Alguns de nós (e eu sou um desses) somos muito orgulhosos de nossas políticas, história ou tradição. Ainda que as políticas sejam boas e nossa história exista para ser celebrada, a verdade é que, em momentos como o que estamos enfrentando, as tradições, histórias e, até mesmo, as políticas não nos ajudarão, pois segundo Malm: “As políticas tendem a desligar o pensamento.”[7] Esse será um momento de exercemos o pensamento criativo e um momento de profunda busca da presença e direção de Deus para nossas vidas e instituições. Precisamos responder aos desafios e também, de forma sábia e que reflita a perfeita e agradável vontade de Deus.

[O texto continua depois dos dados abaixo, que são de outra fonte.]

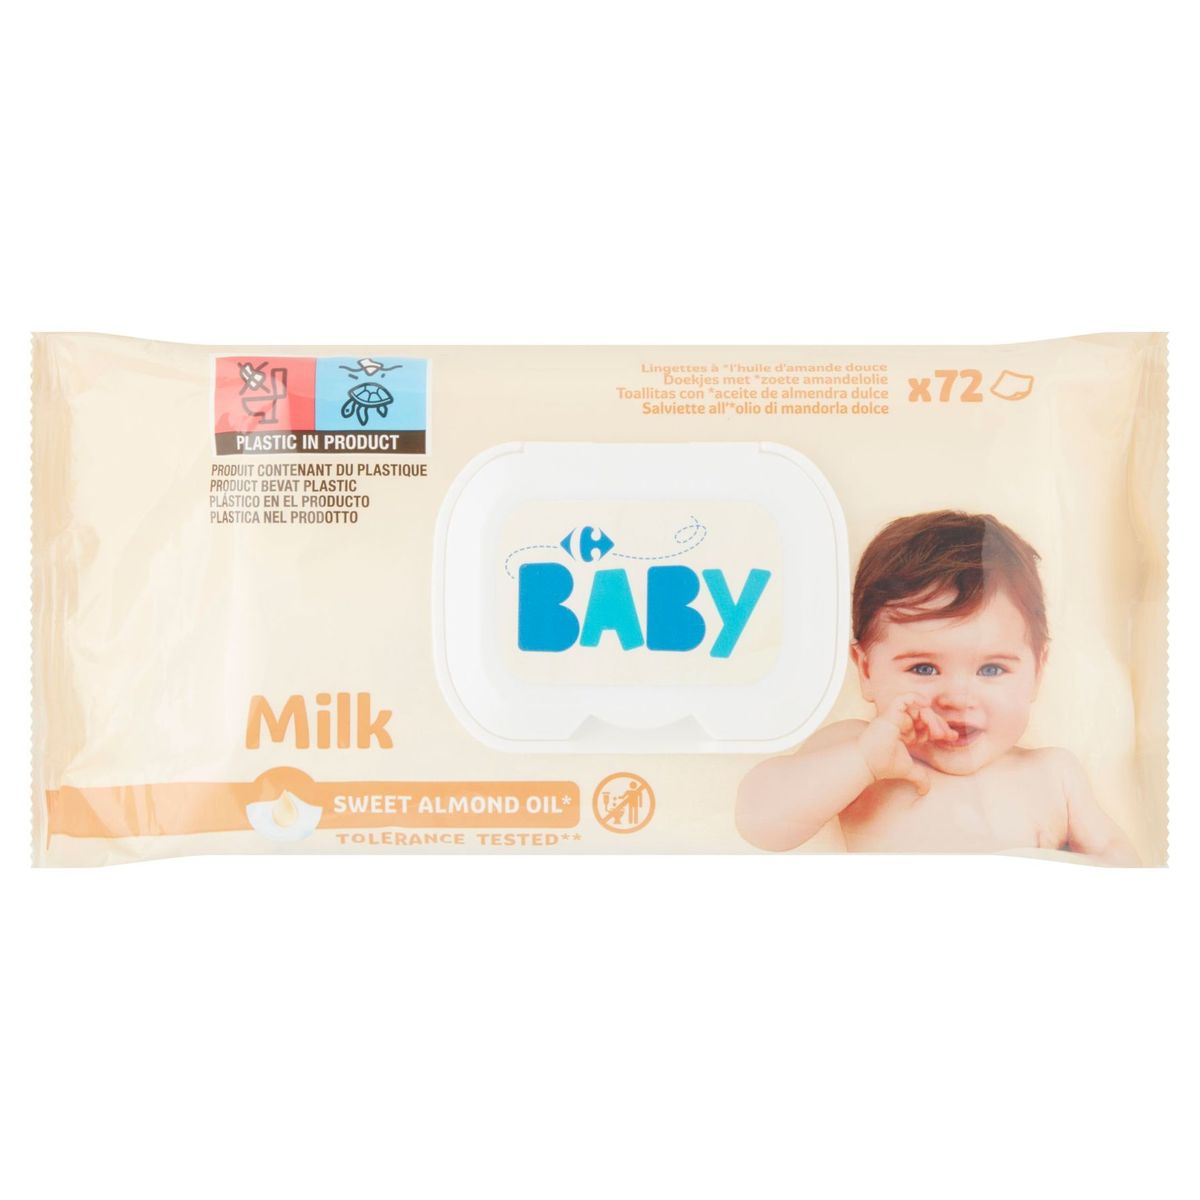 Carrefour BABY Milk 72 Stuks

Uma coisa certamente não mudará: a nossa esperança em meio a tudo isso!  A presença de Cristo conosco na nossa caminhada missionária (Mateus 28:20).

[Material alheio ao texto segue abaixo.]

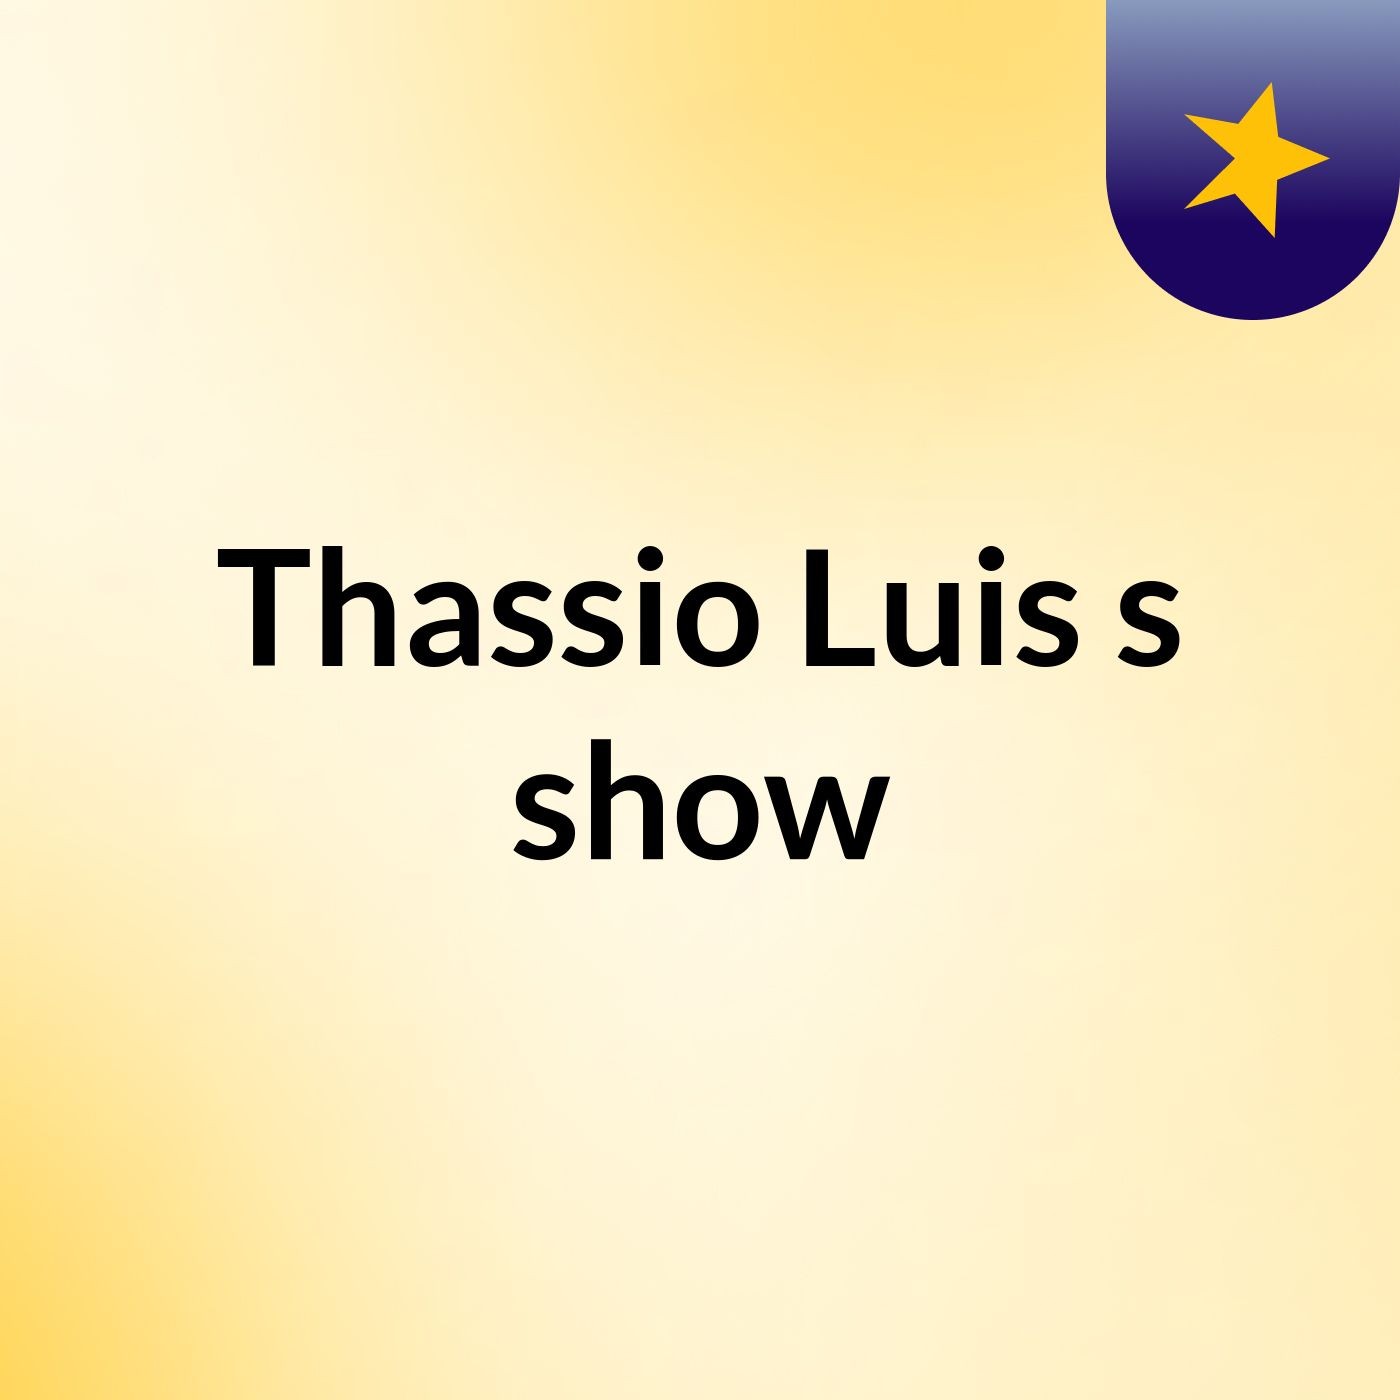 Thassio Luis's show

Paulo Feniman é pastor presbiteriano, formado em Teologia pela FTSA – Faculdade Teológica Sul Americana e formado em Computação Gráfica pela UNOPAR – Universidade Norte do Paraná. Atualmente é Diretor Executivo da MIAF/AIM SOUTH AMERICA – Missão para o Interior da África, onde coordena a mobilização e envio de missionários sul-americanos para diferentes povos africanos e atualmente preside a AMTB – Associação de Missões Transculturais Brasileira. É casado com Patrícia, pai de Felipe e Gabriela.



[5] Malm, Richard. Commission To Every Nation: How People Just Like You Are Blessing The Nations (pp. 53-54). Ore Publishing. Kindle Edition.

[6] Idem pp 33

[7] Malm, Richard. Commission To Every Nation: How People Just Like You Are Blessing The Nations (p. 64). Ore Publishing. Kindle Edition.